═════ Data
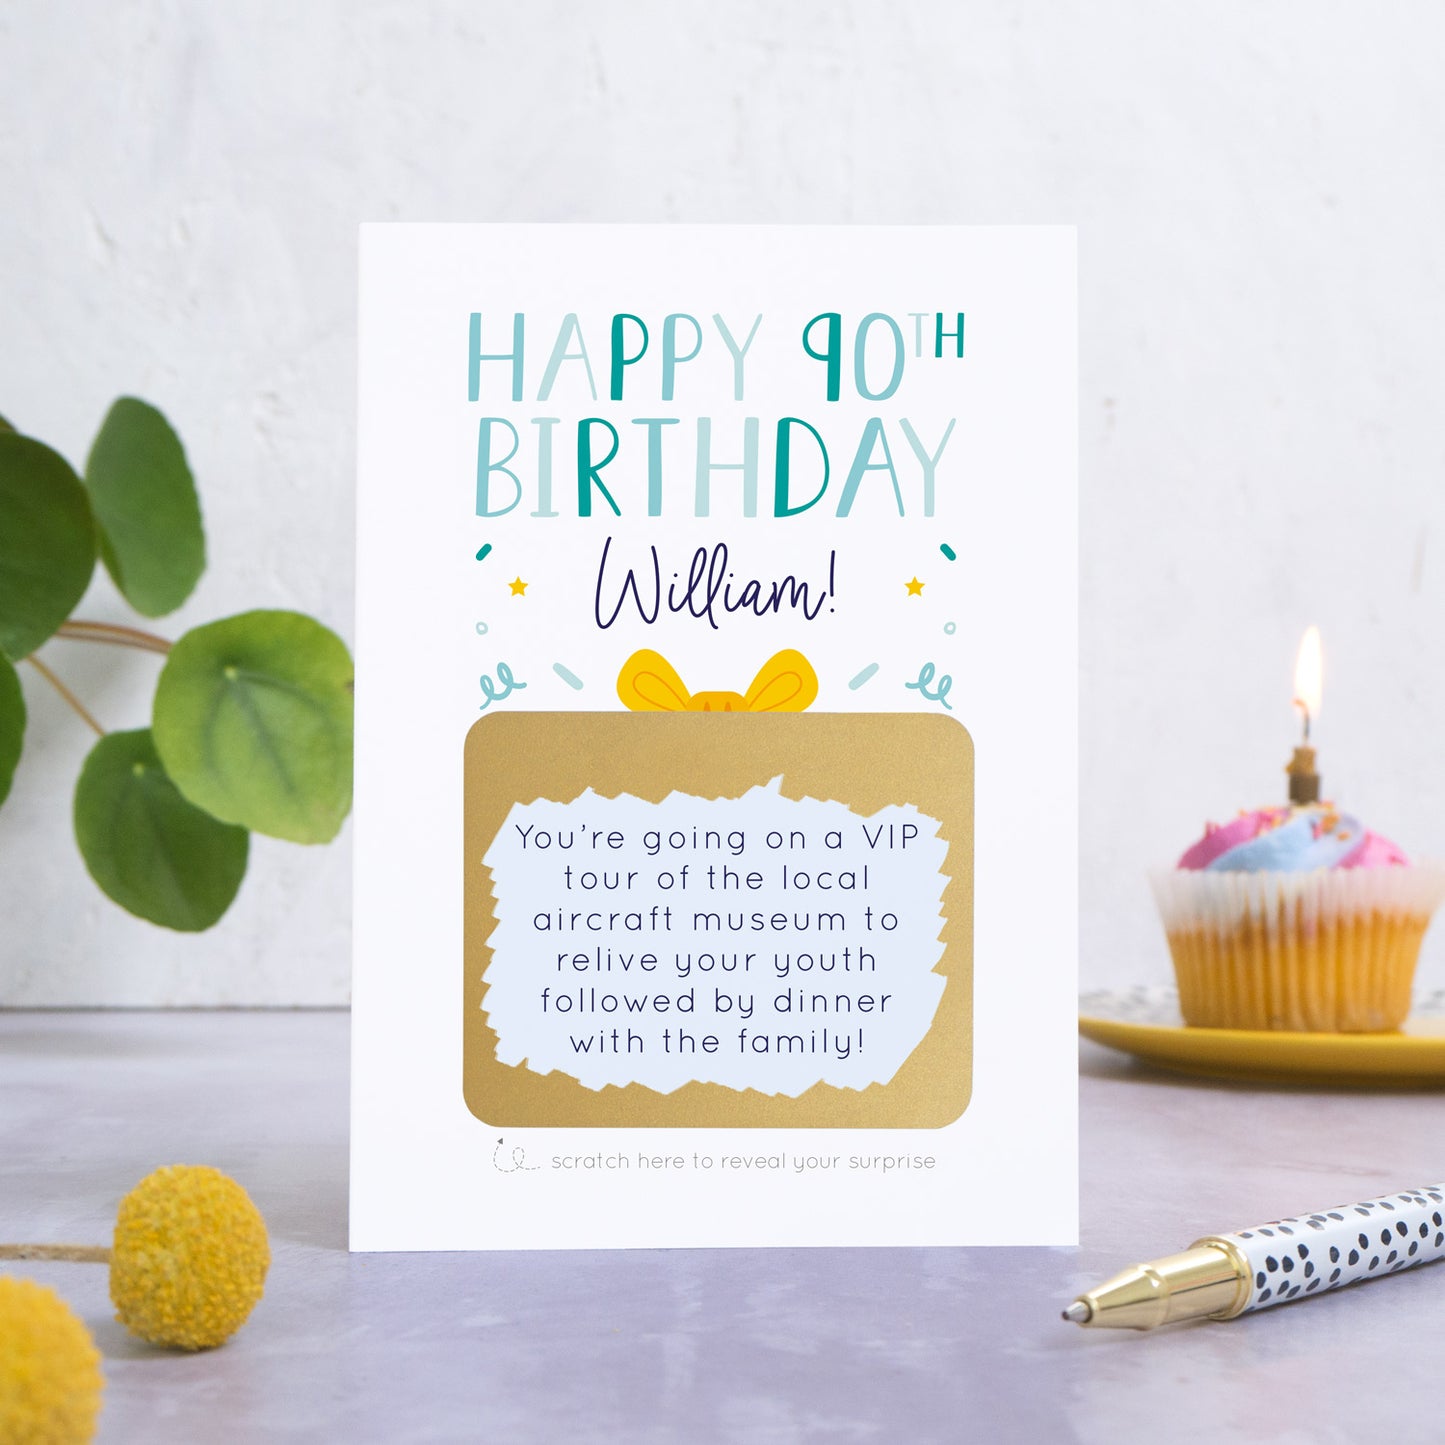 A personalised happy 90th birthday scratch card in blue that has been photographed on a white and grey background. There is foliage and yellow flowers on the left and a cupcake and a pen to the right. The card features the recipients name and a scratch panel that has been scratched off revealing a personalised message.
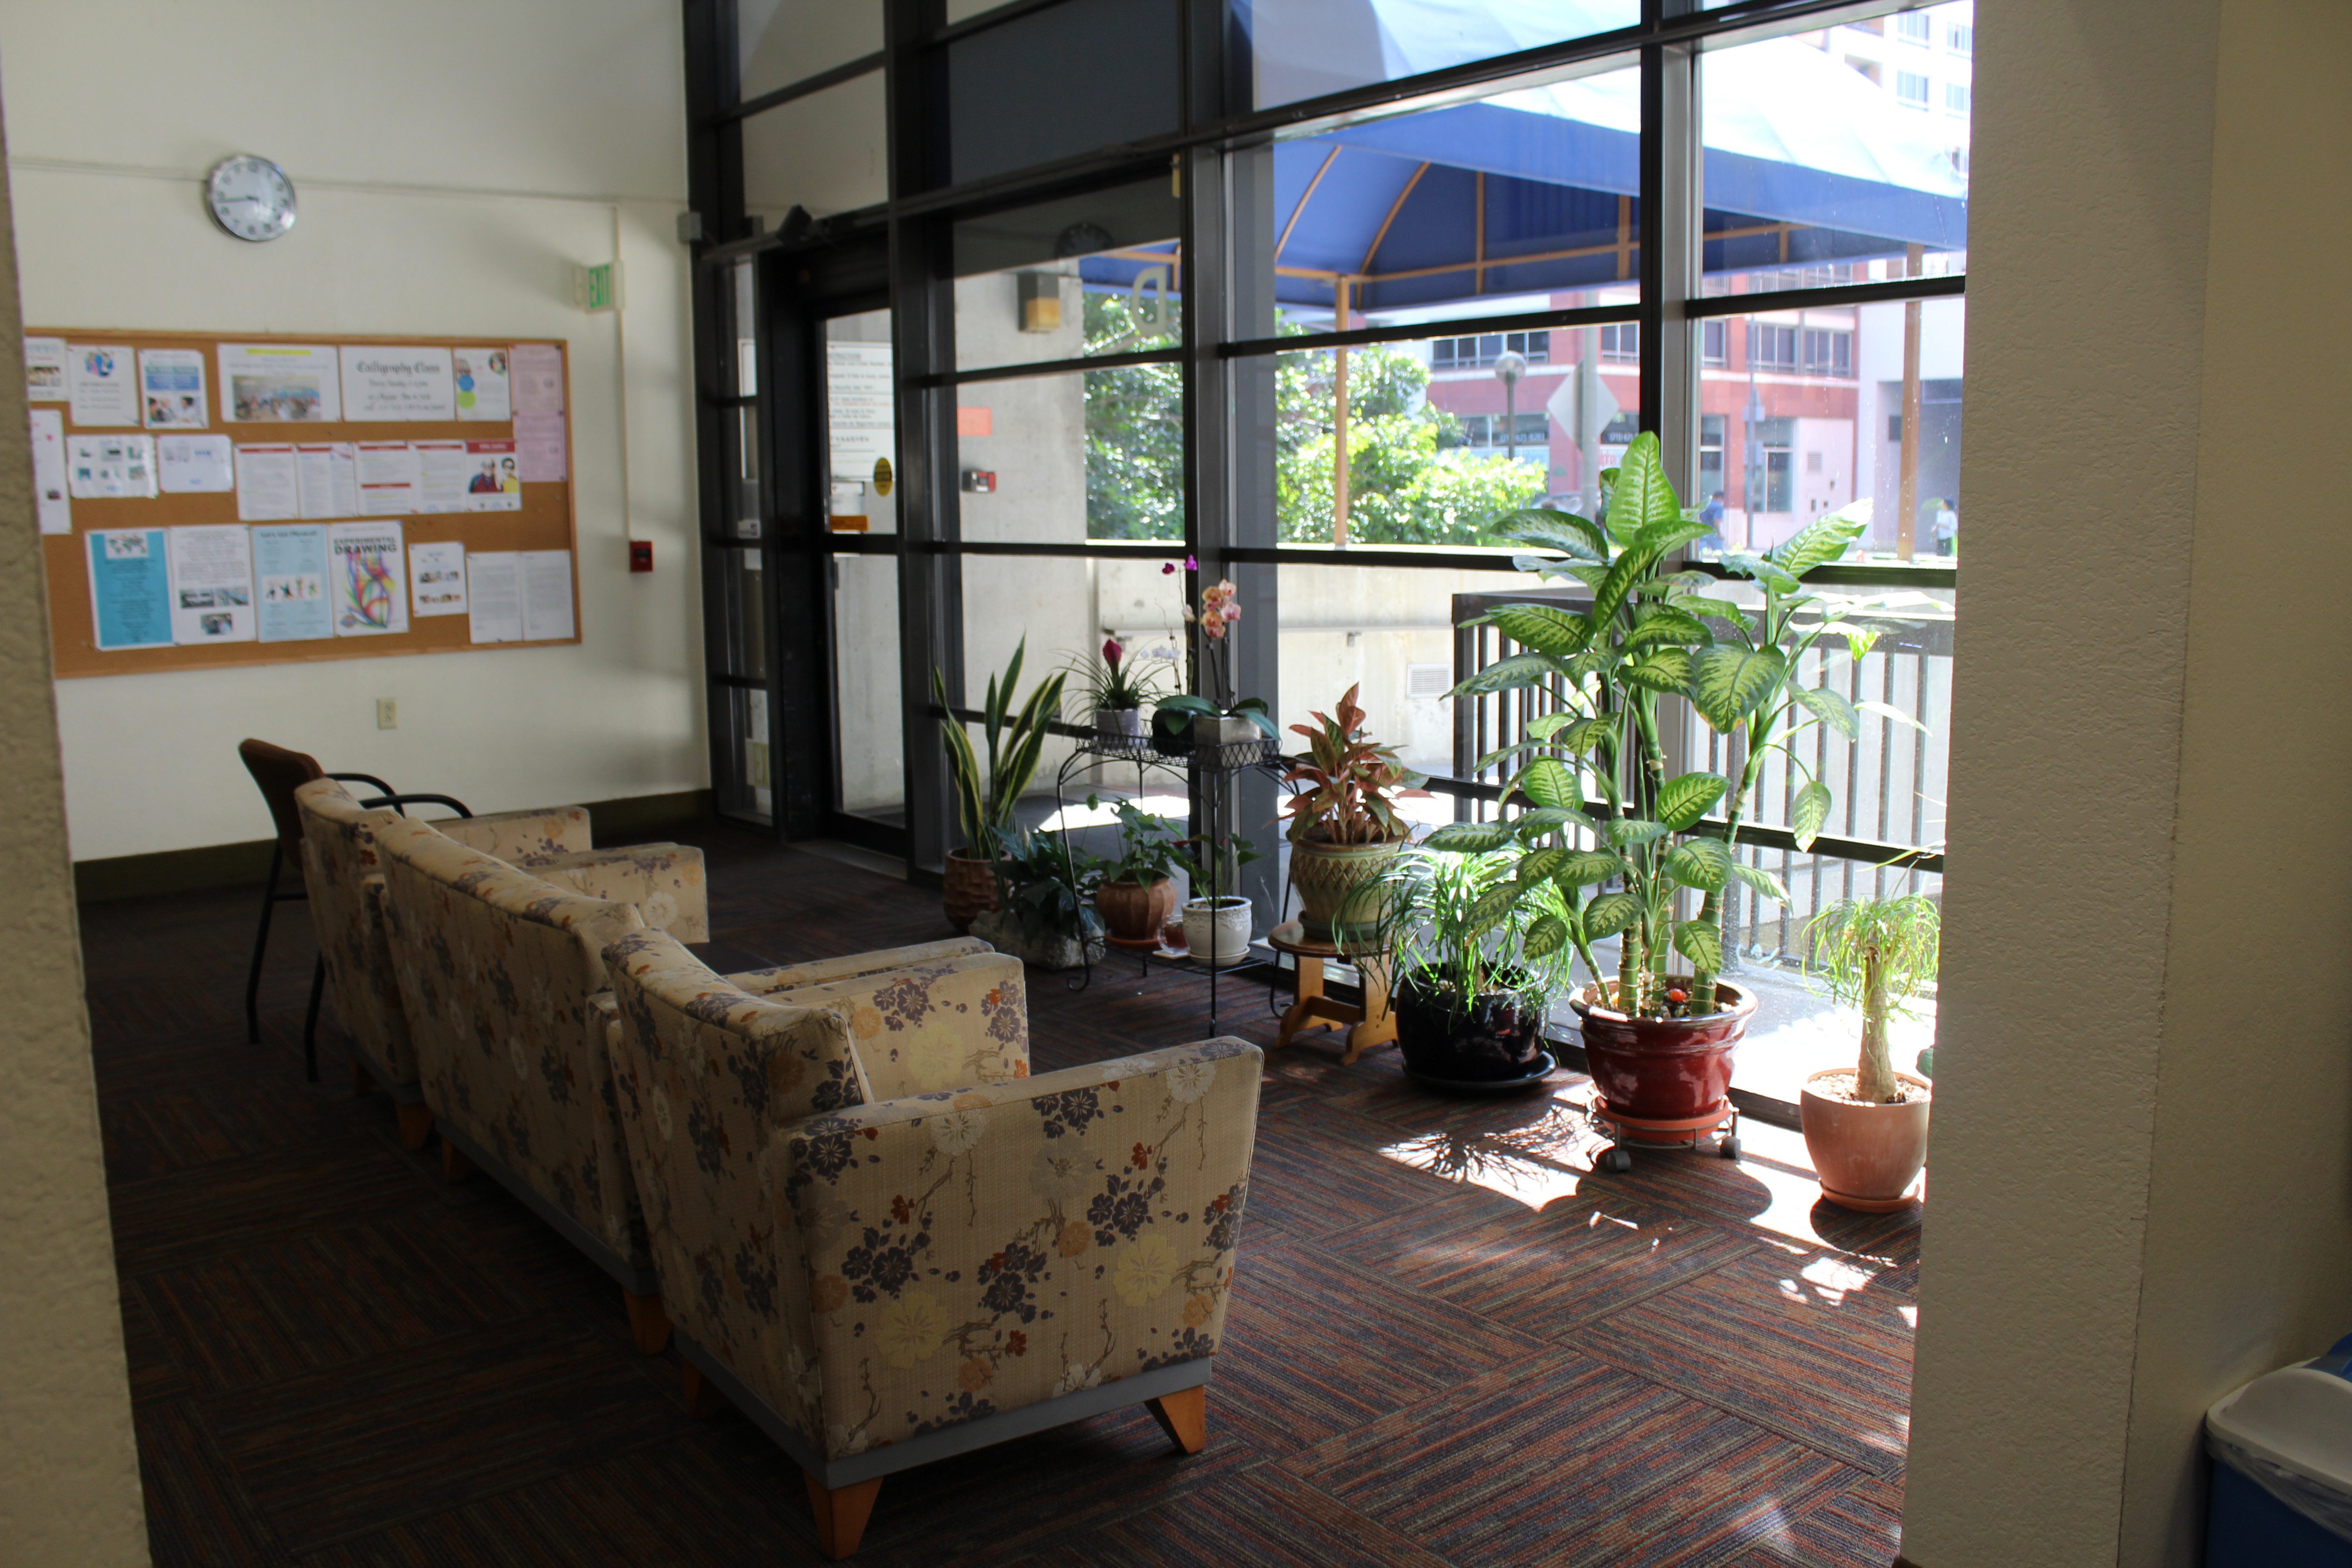 Interior view of a community area at Angelus Plaza 2. A few sofa chairs facing the windows, potted plants along the windows and a bulletin board with information attached.
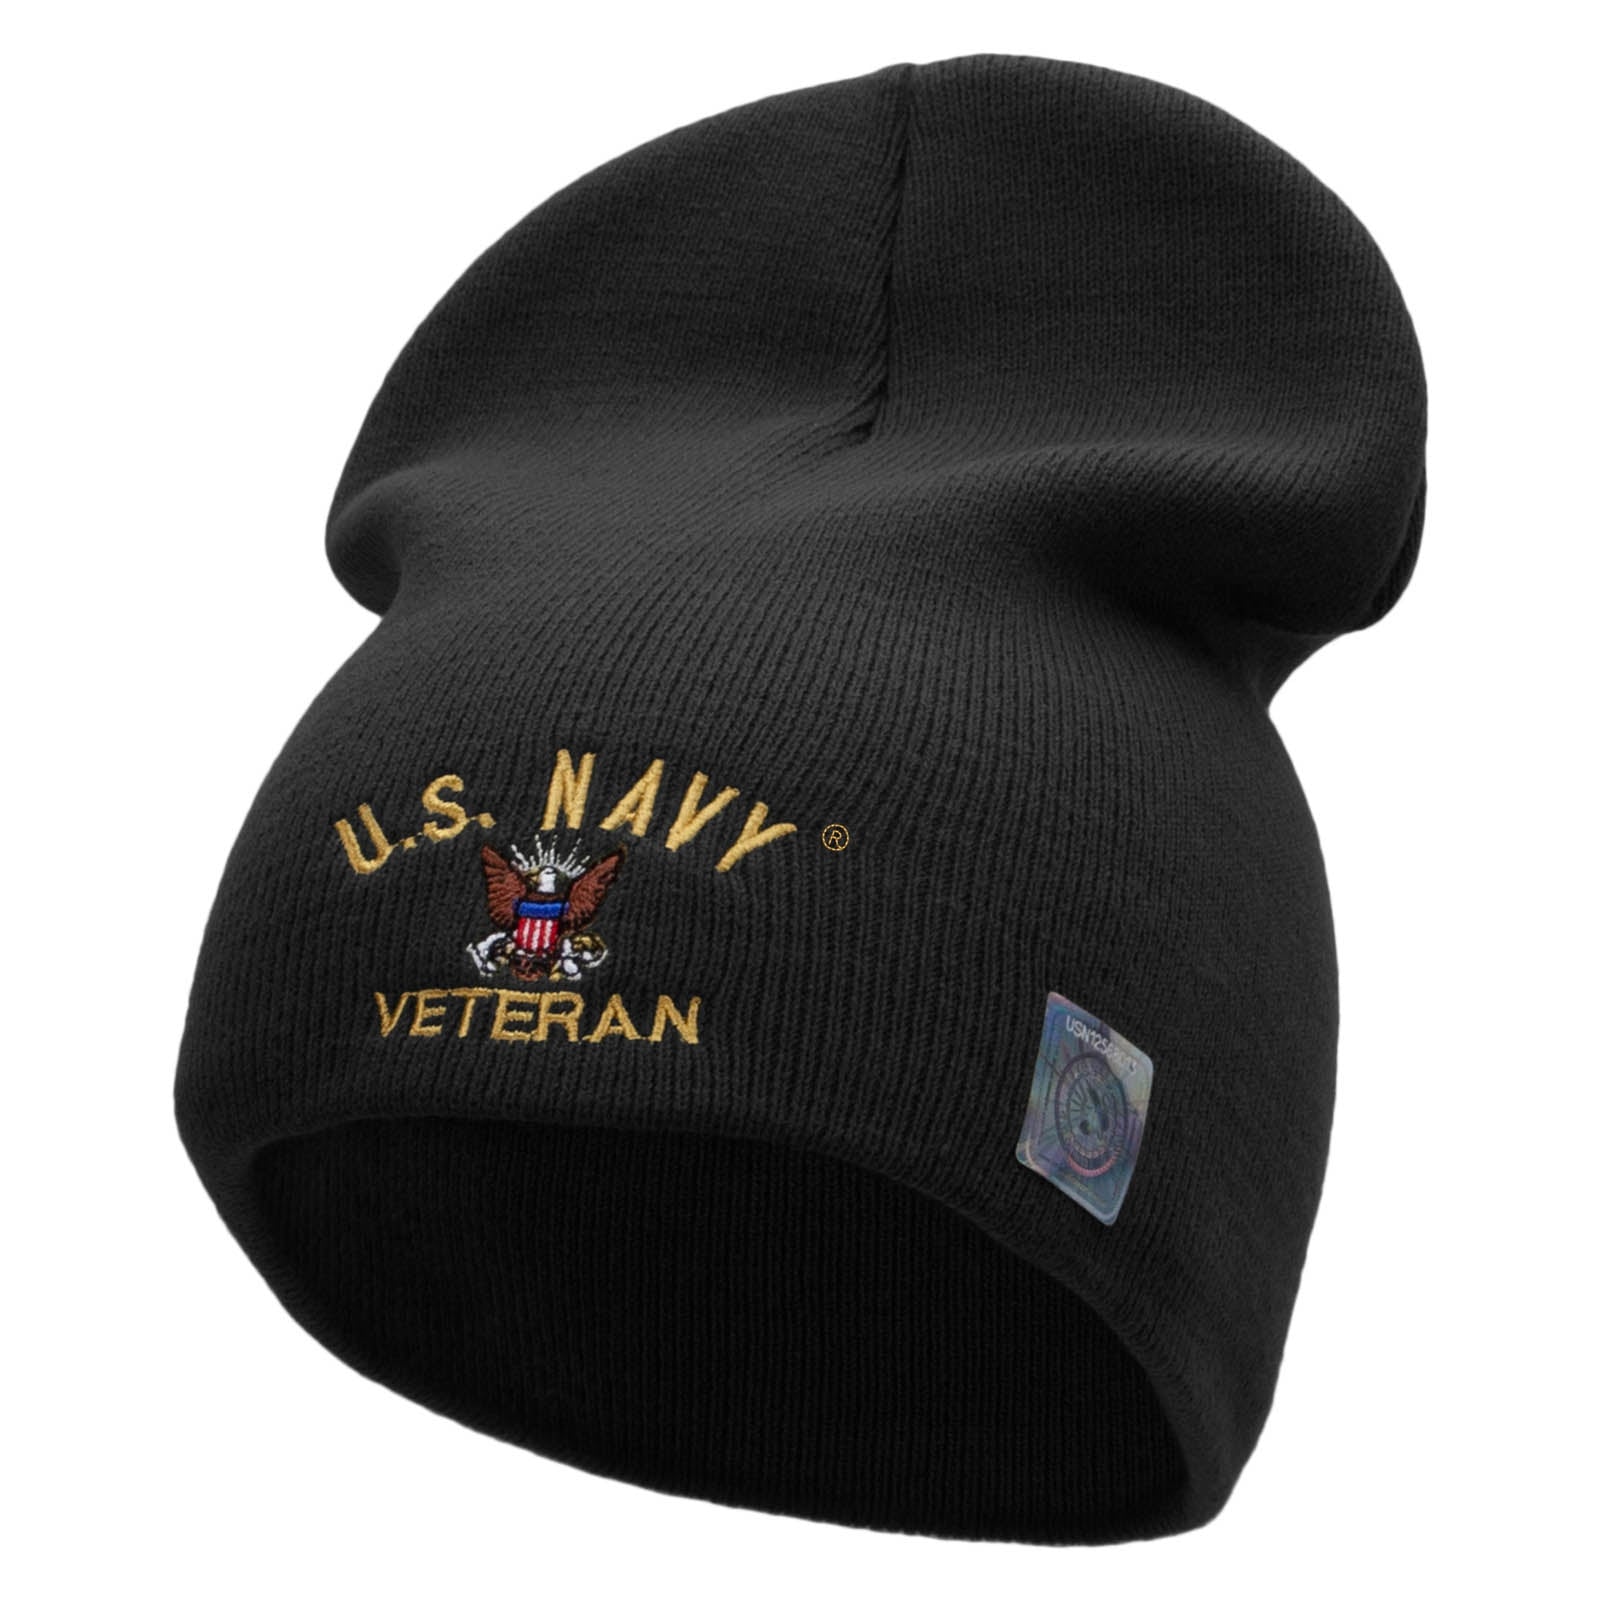 Licensed US Navy Veteran Military Embroidered Short Beanie Made in USA - Black OSFM
══════════
» **Exercise**: Could the material above be written out again word for word, with the pictures dropped?

» **The completed task**:
 A personalised happy 90th birthday scratch card in blue that has been photographed on a white and grey background. There is foliage and yellow flowers on the left and a cupcake and a pen to the right. The card features the recipients name and a scratch panel that has been scratched off revealing a personalised message.
 Interior view of a community area at Angelus Plaza 2. A few sofa chairs facing the windows, potted plants along the windows and a bulletin board with information attached.
 Licensed US Navy Veteran Military Embroidered Short Beanie Made in USA - Black OSFM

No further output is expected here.